Compliance & Documentation (15%)
Depth and clarity of test reports, EPDs, and Swedish/EU compliance packs.
Controls & Interoperability (15%)
Support for DALI-2/KNX/Bluetooth Mesh, quality of commissioning support, and as-built documentation.
Performance & Reliability (20%)
Verified efficacy, lifetime data, surge protection, and proven reliability in similar climates.
Sustainability & Circularity (10%)
EPDs, modularity, recycled content, and take-back programmes.
Service & Warranty (10%)
SLA clarity, response times, spare parts strategy, and training.
Commercials & TCO (10%)
Transparent pricing, TCO modelling, and fair contractual terms.
Populate this scorecard collaboratively with your design, sustainability, FM, and finance teams. It prevents “unit price only” decisions and makes trade-offs visible.
Common Pitfalls to Avoid
Even experienced teams fall into these traps:
Approving renders instead of validated calculations
Beautiful 3D visuals are useful, but without LM-79 data, UGR calculations and photometric files, you’re approving aesthetics—not performance.
Ignoring driver interoperability and firmware updates
If your luminaires use mixed or obscure driver brands, future DALI scenes, KNX integration or Bluetooth updates may be painful. Always check control compatibility and firmware policies up front.
Underweighting spare parts and repairability
A sealed fitting with no spare parts plan is a liability, particularly in a Swedish context with high labour costs and long building lifetimes. Prioritise modular designs, clear part numbers, and EU-based stock.

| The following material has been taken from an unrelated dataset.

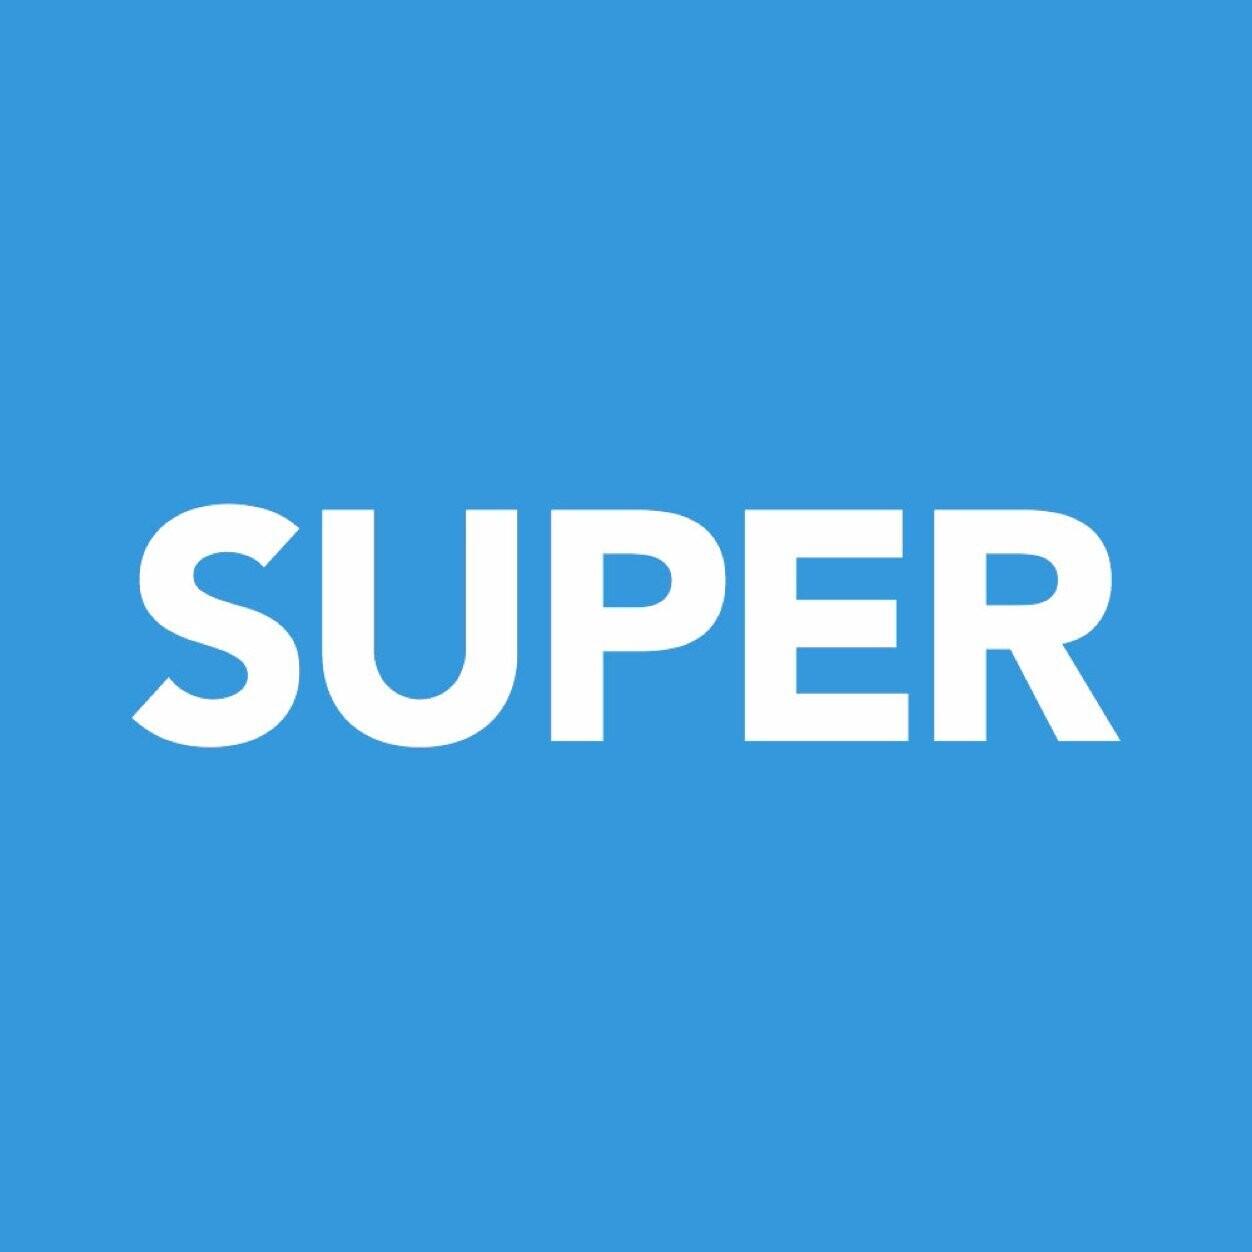 Super.cc

Choosing headline lm/W over long-term stability
A slightly higher efficacy number isn’t worth much if the product suffers from colour shift, early failures, or uncomfortable glare. Look at L80/B10 data, SDCM, UGR, and real references—not just lm/W.
Conclusion: Turn Questions into Risk-Free Decisions
Procurement excellence is not about knowing every technical detail yourself—it’s about asking the questions that reveal risk before it becomes yours.
In Sweden’s context of:
Highly decarbonised electricity
Ambitious building certifications like Miljöbyggnad
EU-wide regulations phasing out older technologies
Rising expectations for comfort, digital integration, and circularity
…the choice of bespoke custom LED supplier becomes strategic, not tactical.
By pressing potential partners on:
3D/BIM and engineering support
Swedish/EU compliance and documentation
Smart controls and system integration
Long-term performance and reliability
Materials, sustainability, and circularity
TCO-based commercials and warranty SLAs
Real-world Nordic references and governance
…you’ll quickly see which suppliers are truly ready to support your project and which are simply selling catalogues with a “custom” sticker.
Your next move can be very concrete:
Take the RFP checklist and integrate it into your next tender.
Build a scorecard with the weightings above and align stakeholders around it.
Ask your top two suppliers for a pilot kit and a full compliance pack on a small set of SKUs. Install them side by side in a real space and compare measured performance, not just brochures.
Do that, and you won’t just buy luminaires—you’ll secure a lighting platform that performs beautifully in Swedish conditions, supports your certifications, and protects your budget for years to come.